Le critique télévisé en chef du New York Times, James Poniewozik, est plus nuancé: "Je ne suis pas sûr que la télévision puisse faire croire aux gens quelque chose qu'ils ne sont pas prêts à croire". En revanche, "elle peut les aider à imaginer une réalité quelque peu différente de leur quotidien, qu'ils n'étaient pas préparés à accepter auparavant".

Il cite comme exemple les fictions américaines mettant en scène des personnages ouvertement gays, tels "Will & Grace", qui ont banalisé l'homosexualité à la télévision, avant la légalisation du mariage de personnes du même sexe.

De même, "Star Trek", en présentant dès les années 60 un équipage de vaisseau spatial ouvert à la diversité, avec une femme noire et un Asiatique, "a peut-être aidé à faire évoluer les mentalités" sur ce que pourrait être une équipe dans un bureau américain, estime James Poniewozik.

D'autant plus que les feuilletons s'inscrivent dans la durée: les téléspectateurs accèdent à ces points de vue sur plusieurs années. "Ils rendent connu ce qui est inconnu, nous familiarisent avec une hypothèse", explique Thibaut de Saint Maurice, chercheur de l'Université Panthéon-Sorbonne.

Autre exemple souvent cité: l'accession d'un Afro-Américain à la présidence des Etats-Unis dans "24 heures chrono" avant l'élection de Barack Obama.

Cependant, le pouvoir des séries a ses limites, souligne Thibaut de Saint Maurice: "Aux Etats-Unis, avec +24 heures chrono+ ou +Homeland+, en France avec +Baron Noir+, le téléspectateur s'est habitué à voir une femme présidente. Mais cela ne s'est pas produit jusqu'ici" dans ces deux pays.

Dans certains cas, la télévision permet à des personnalités de se créer un personnage qui les aide à accéder au pouvoir. "C'est le cas de Donald Trump dans l'émission de téléréalité +The Apprentice+, mais aussi de Volodymyr Zelensky avec +Serviteur du Peuple+", estime M. James Poniewozik.

"Avec +The Apprentice+, Trump a donné l'impression qu'il était un chef d'entreprise déterminé et il en a joué pendant la campagne présidentielle", ajoute le journaliste qui a écrit un livre sur le sujet.

Avec "Serviteur du Peuple", où Zelensky joue le rôle d'un professeur d'histoire devenu, contre toute attente, président, le dirigeant ukrainien s'est appuyé sur une certaine idée du leadership.

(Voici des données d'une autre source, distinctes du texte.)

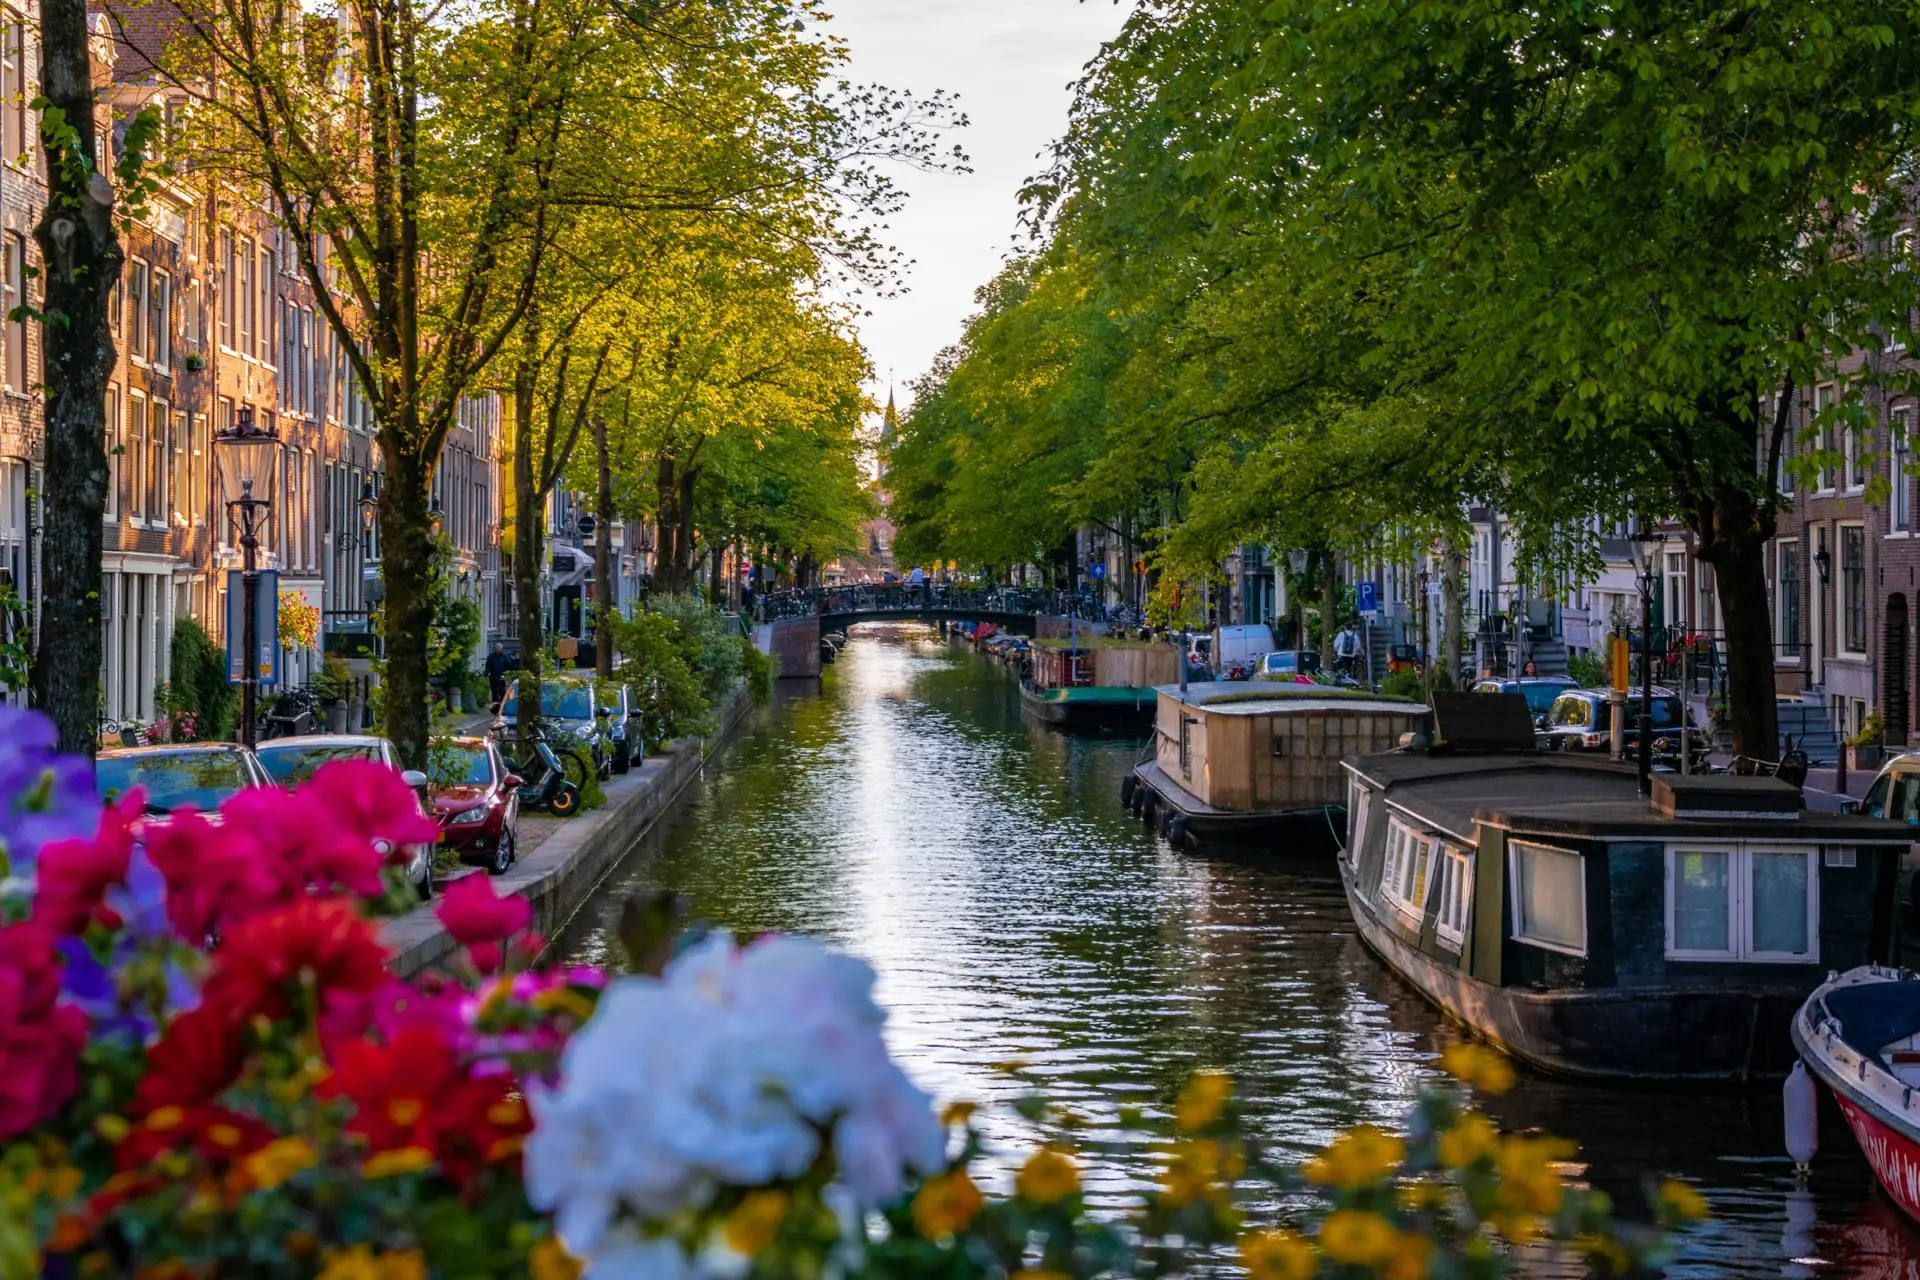 Jordaan canal, Amsterdam

"Dans un pays où règne la corruption, l'idée est que le vrai pouvoir politique ne vient pas du fait que vous êtes fort mais au contraire que vous devez affronter les mêmes épreuves que vos concitoyens", explique James Poniewozik.

Et d'une certaine manière, Zelensky prolonge la série aujourd'hui, en se mettant en scène sur les réseaux sociaux dans les rues de Kiev avec son téléphone portable, comme pourrait le faire n'importe quel Ukrainien resté dans la capitale.

"C'est un homme politique qui est aussi acteur, producteur, metteur en scène, qui maîtrise parfaitement les codes et le vocabulaire de la fiction, ce dont il se sert pour décrire une réalité", note de son côté Thibaut de Saint Maurice.

A l'avenir, d'autres fictions pourraient faire émerger des leaders, les experts en sont persuadés.

Un nouvel exemple pourrait se concrétiser bientôt avec "Turbia", une série colombienne sur la pénurie de l'eau potable, présentée à Séries Mania: la politicienne Francia Márquez joue le rôle d'une Afro-Colombienne d'un quartier misérable de Cali, menacée d'être expulsée, à cause d'un projet d'infrastructures. Or, elle sera peut-être vice-présidente de son pays si le candidat du pôle de gauche Gustavo Petro est élu en mai.